WORK ITEM -> Whenever the string "adidas" turns up in a line below, that line should be copied.

── PROVIDED RECORDS

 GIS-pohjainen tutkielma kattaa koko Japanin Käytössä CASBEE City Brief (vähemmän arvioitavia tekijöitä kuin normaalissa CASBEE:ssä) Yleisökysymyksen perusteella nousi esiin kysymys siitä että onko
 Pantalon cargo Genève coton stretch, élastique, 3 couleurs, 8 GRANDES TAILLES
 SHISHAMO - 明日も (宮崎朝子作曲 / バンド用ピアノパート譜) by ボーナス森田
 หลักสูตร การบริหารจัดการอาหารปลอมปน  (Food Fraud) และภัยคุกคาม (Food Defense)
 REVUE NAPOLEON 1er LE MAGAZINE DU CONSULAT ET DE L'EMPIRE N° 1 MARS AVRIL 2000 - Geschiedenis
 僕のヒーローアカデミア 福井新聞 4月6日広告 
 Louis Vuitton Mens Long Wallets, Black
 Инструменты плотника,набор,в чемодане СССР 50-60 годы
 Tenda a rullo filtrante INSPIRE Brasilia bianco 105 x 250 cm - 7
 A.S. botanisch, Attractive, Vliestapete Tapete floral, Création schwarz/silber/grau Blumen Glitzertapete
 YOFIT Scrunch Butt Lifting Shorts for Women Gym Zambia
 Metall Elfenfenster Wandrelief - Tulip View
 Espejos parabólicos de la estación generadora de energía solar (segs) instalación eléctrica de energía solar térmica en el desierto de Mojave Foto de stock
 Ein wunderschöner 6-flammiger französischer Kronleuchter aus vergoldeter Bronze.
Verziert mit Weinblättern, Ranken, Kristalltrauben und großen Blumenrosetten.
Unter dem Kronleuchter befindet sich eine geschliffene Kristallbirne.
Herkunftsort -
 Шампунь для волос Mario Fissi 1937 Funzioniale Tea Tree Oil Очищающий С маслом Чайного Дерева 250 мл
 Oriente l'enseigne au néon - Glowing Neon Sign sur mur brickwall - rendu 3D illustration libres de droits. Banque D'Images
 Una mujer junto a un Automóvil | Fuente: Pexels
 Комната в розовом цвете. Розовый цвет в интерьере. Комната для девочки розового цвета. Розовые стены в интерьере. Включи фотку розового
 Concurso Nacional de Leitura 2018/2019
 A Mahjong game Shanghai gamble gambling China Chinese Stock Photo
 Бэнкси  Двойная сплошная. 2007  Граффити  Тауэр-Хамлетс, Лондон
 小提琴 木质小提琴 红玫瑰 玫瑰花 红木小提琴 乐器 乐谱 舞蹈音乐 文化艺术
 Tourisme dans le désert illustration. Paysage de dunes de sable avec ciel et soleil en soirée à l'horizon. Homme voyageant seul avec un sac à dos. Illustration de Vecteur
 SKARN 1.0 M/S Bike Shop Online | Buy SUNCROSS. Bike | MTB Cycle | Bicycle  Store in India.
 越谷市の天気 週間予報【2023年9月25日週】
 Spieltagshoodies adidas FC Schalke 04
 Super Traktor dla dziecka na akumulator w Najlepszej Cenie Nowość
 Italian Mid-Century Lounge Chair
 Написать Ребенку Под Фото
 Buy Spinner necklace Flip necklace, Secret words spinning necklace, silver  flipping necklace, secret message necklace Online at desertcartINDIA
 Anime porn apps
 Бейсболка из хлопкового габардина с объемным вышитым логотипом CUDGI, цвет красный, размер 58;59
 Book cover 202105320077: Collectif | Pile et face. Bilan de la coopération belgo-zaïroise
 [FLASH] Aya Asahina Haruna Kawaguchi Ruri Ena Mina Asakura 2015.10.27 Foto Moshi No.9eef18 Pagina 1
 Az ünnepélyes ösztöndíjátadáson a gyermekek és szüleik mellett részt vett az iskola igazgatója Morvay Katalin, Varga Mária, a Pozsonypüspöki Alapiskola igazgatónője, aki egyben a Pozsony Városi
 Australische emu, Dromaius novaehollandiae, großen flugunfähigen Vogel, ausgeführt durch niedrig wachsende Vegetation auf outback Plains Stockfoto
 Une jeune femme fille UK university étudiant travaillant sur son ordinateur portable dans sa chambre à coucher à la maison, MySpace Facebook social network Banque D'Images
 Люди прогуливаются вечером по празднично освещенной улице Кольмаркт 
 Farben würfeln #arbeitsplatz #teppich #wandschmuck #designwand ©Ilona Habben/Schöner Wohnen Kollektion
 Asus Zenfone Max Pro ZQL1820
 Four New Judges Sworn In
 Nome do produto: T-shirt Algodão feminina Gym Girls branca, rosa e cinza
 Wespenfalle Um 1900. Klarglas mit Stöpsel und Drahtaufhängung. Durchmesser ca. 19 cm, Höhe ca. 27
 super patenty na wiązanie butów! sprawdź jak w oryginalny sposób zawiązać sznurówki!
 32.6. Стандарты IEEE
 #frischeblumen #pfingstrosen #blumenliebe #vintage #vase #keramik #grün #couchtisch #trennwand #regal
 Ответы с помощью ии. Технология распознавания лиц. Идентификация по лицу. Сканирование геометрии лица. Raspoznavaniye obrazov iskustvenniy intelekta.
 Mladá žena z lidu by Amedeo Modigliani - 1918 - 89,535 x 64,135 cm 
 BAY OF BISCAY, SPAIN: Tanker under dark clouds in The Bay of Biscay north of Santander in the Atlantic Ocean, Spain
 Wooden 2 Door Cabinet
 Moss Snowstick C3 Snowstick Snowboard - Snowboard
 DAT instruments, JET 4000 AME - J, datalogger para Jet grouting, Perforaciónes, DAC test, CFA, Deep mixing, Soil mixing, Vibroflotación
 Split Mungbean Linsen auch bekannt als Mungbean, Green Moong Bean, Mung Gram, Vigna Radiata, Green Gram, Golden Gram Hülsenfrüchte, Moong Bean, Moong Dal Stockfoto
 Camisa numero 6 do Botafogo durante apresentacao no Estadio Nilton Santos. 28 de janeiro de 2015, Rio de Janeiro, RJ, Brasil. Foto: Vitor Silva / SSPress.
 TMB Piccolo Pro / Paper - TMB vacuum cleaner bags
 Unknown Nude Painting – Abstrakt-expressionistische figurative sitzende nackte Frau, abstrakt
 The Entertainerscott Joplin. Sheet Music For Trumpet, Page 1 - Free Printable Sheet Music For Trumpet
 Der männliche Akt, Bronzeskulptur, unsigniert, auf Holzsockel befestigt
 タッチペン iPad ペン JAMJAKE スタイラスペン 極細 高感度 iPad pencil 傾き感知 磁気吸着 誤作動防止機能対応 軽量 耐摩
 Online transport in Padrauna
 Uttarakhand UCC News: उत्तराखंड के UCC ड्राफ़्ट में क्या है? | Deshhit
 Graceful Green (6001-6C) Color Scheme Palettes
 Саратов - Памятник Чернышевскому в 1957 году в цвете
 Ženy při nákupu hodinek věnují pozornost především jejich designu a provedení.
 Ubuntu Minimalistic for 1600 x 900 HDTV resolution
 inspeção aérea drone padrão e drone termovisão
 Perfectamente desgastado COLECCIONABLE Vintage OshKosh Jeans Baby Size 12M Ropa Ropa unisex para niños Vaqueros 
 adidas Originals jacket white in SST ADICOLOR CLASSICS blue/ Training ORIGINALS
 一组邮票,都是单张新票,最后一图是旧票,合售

────

ANSWER TO THE PROBLEM ->
 Spieltagshoodies adidas FC Schalke 04
 adidas Originals jacket white in SST ADICOLOR CLASSICS blue/ Training ORIGINALS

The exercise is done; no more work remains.